- RECORDS PROVIDED
- - -

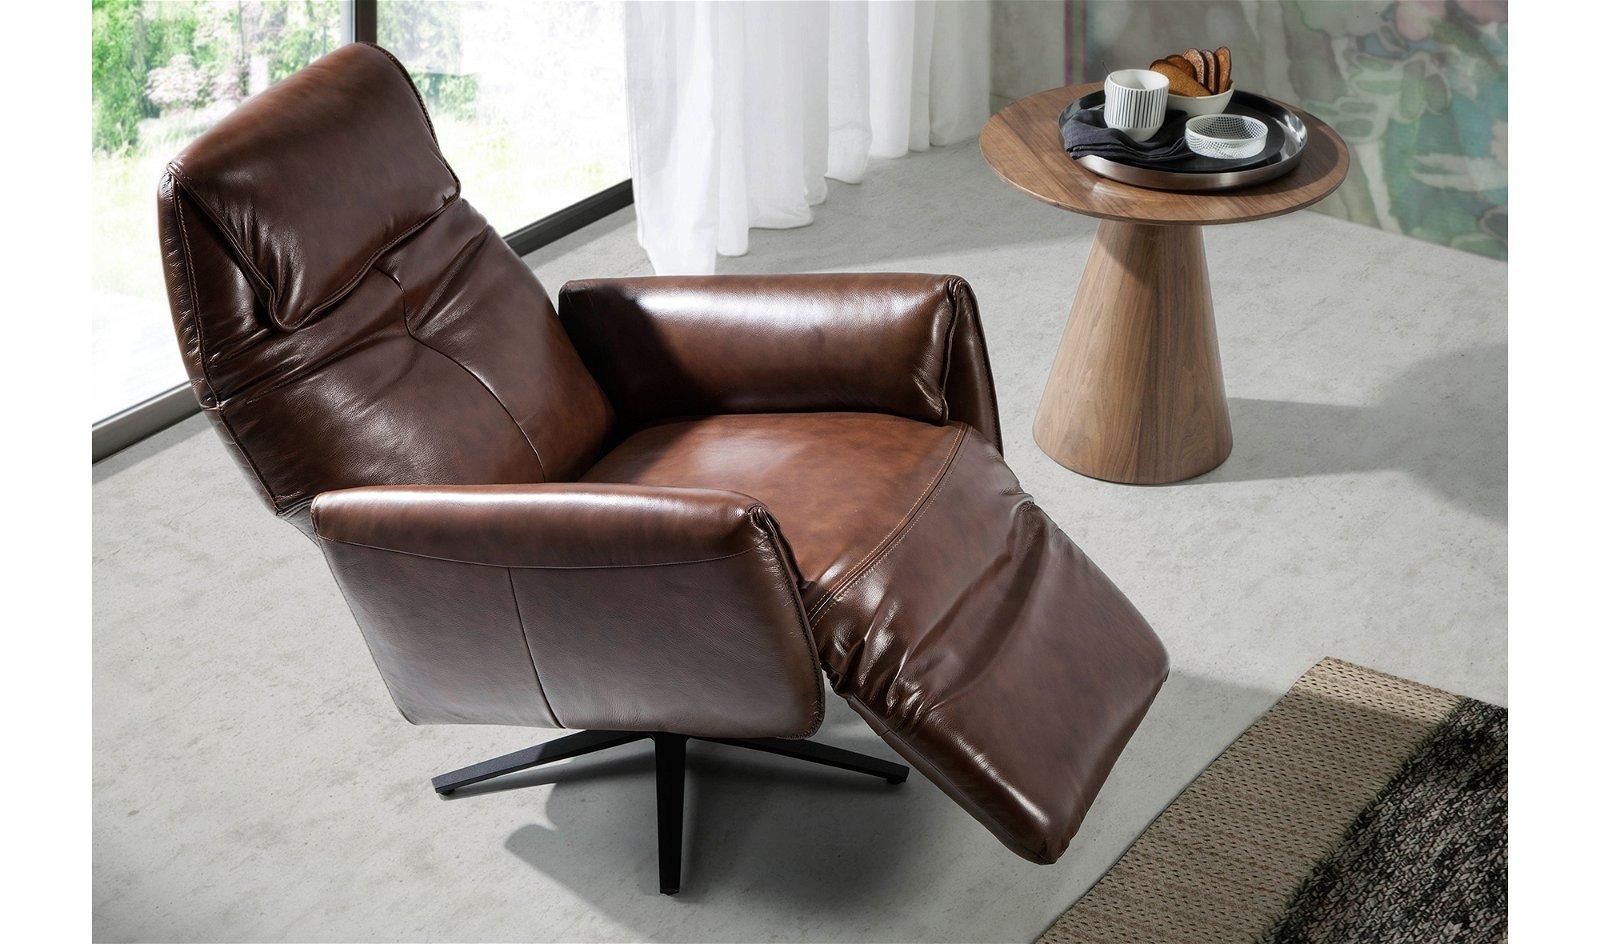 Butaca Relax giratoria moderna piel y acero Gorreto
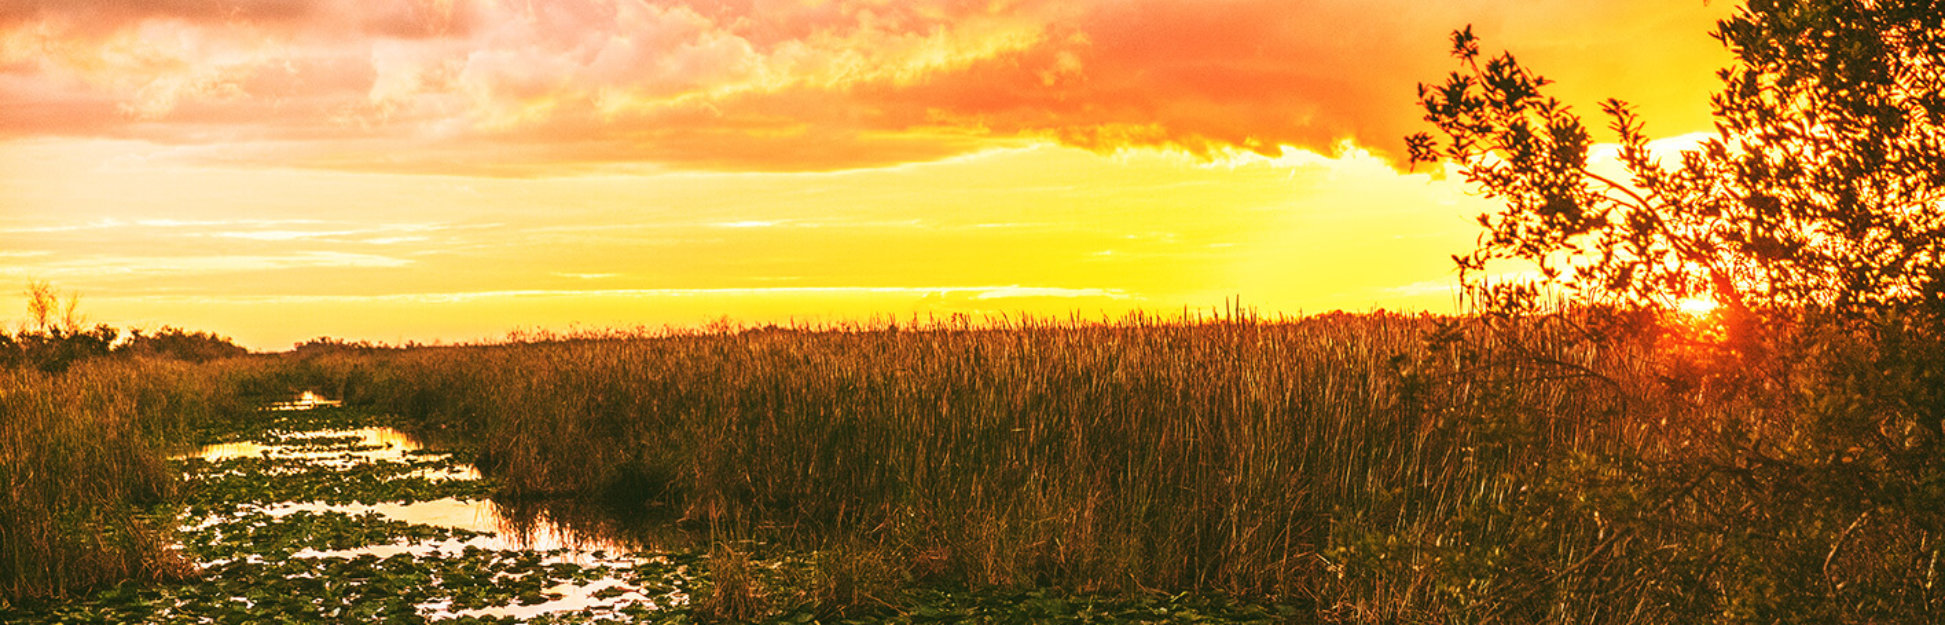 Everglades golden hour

- - -

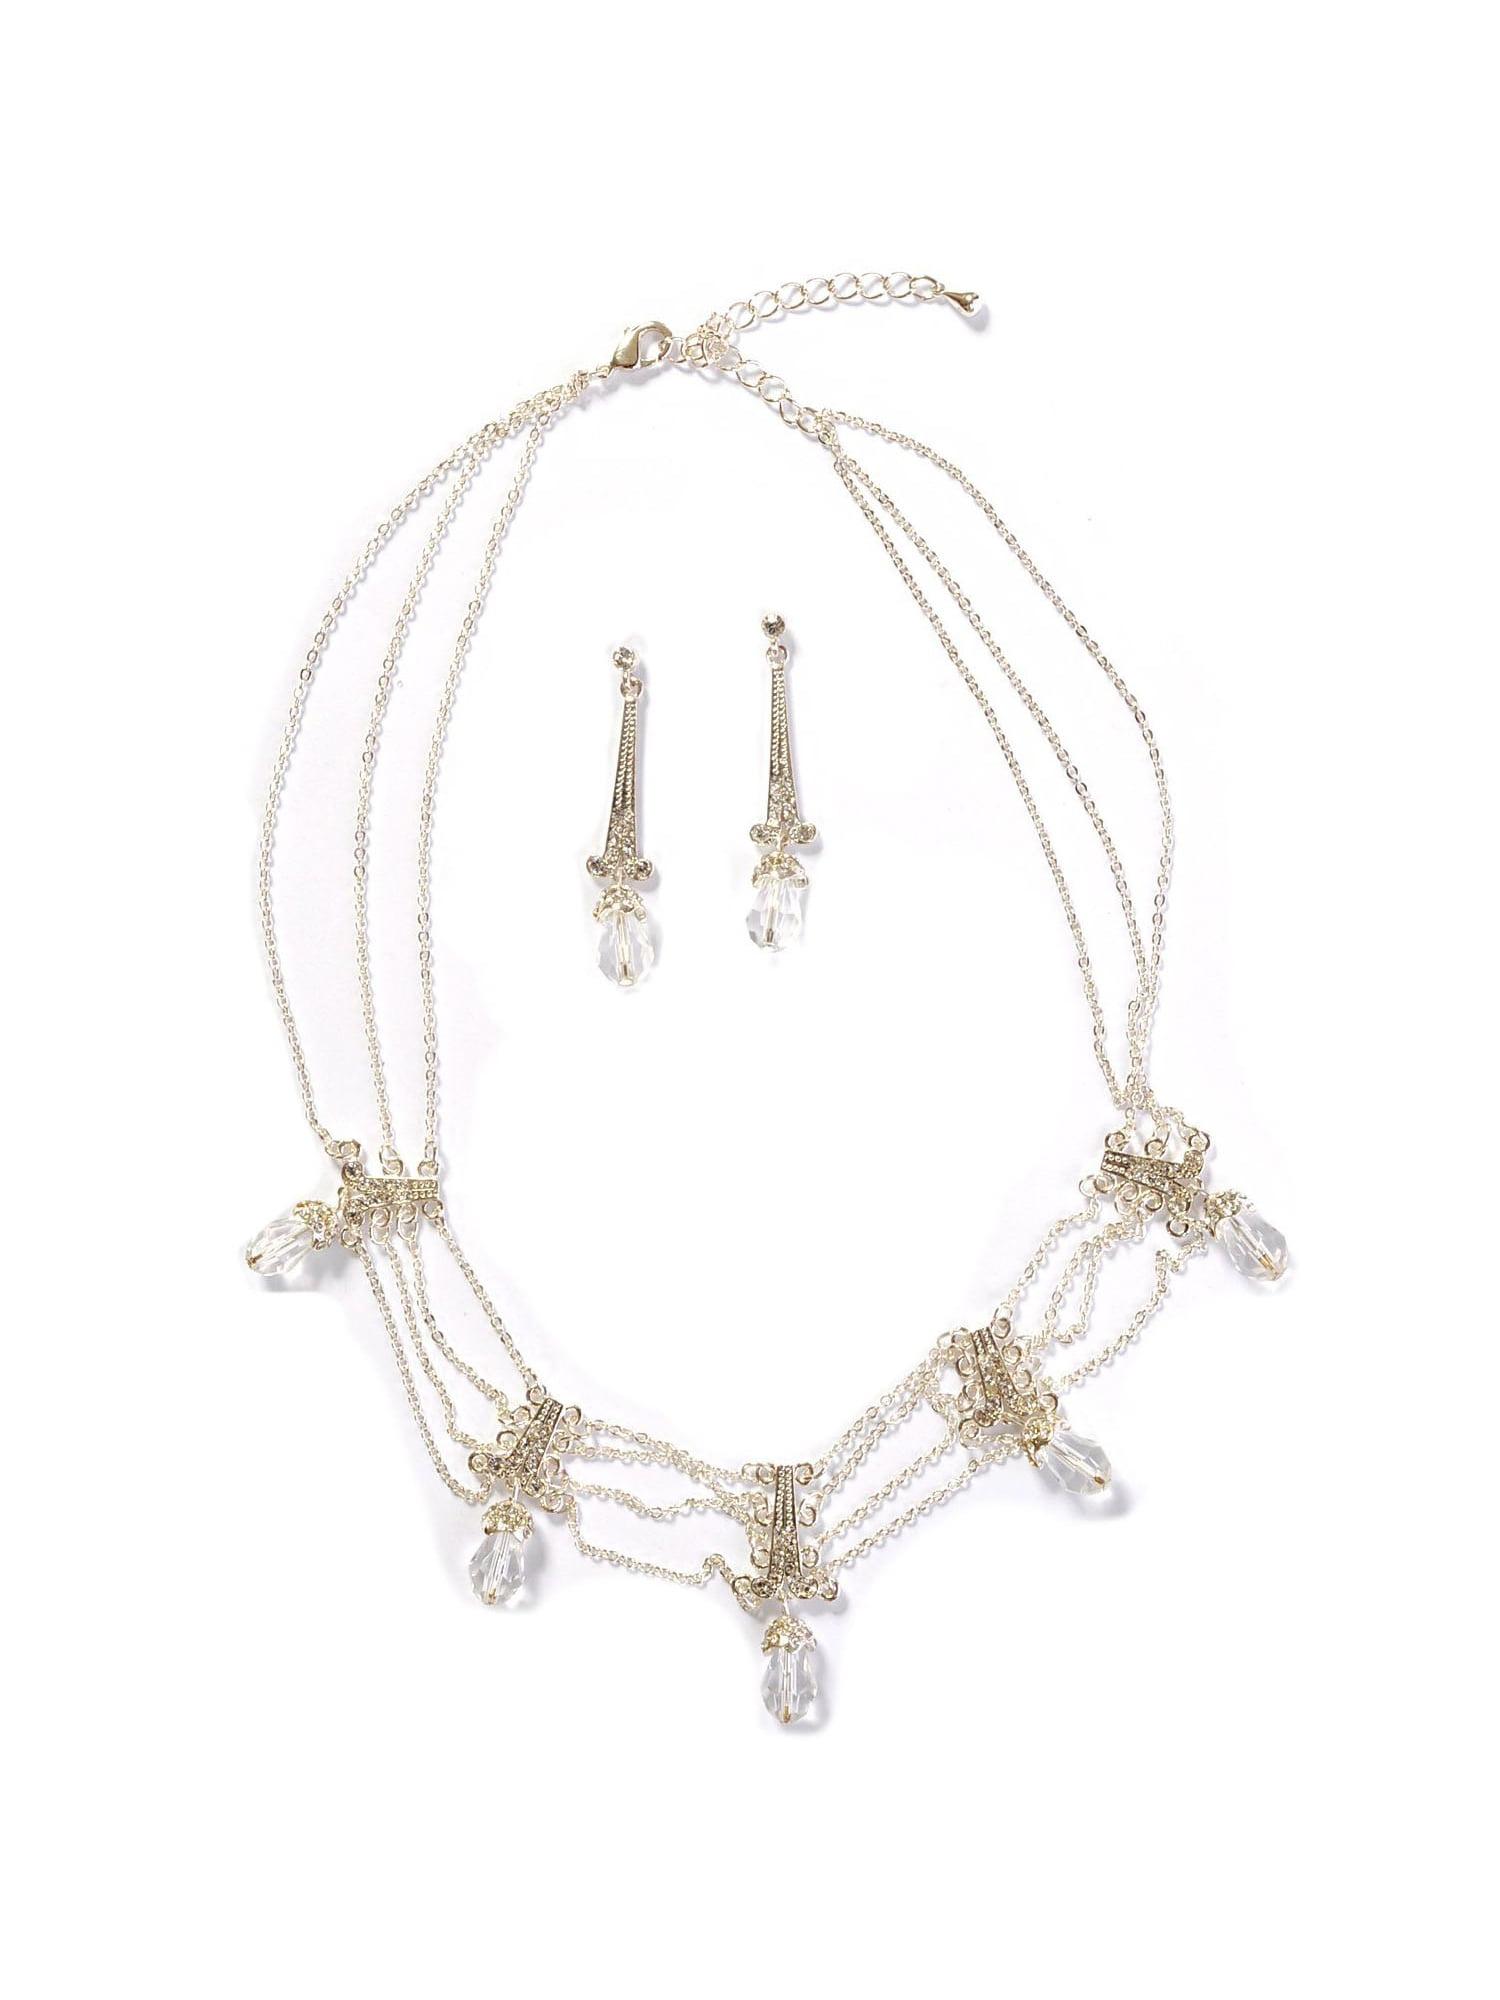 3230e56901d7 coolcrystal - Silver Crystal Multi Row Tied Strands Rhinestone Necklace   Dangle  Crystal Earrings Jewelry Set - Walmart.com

- - -

- EXERCISE AIM
In the material above, which lines fall between the one holding "Butaca Relax giratoria" and the one holding "Everglades golden hour", inclusive? Print exactly those, with the pictures left out.

- SOLUTION FOR THIS TASK
 Butaca Relax giratoria moderna piel y acero Gorreto
 Everglades golden hour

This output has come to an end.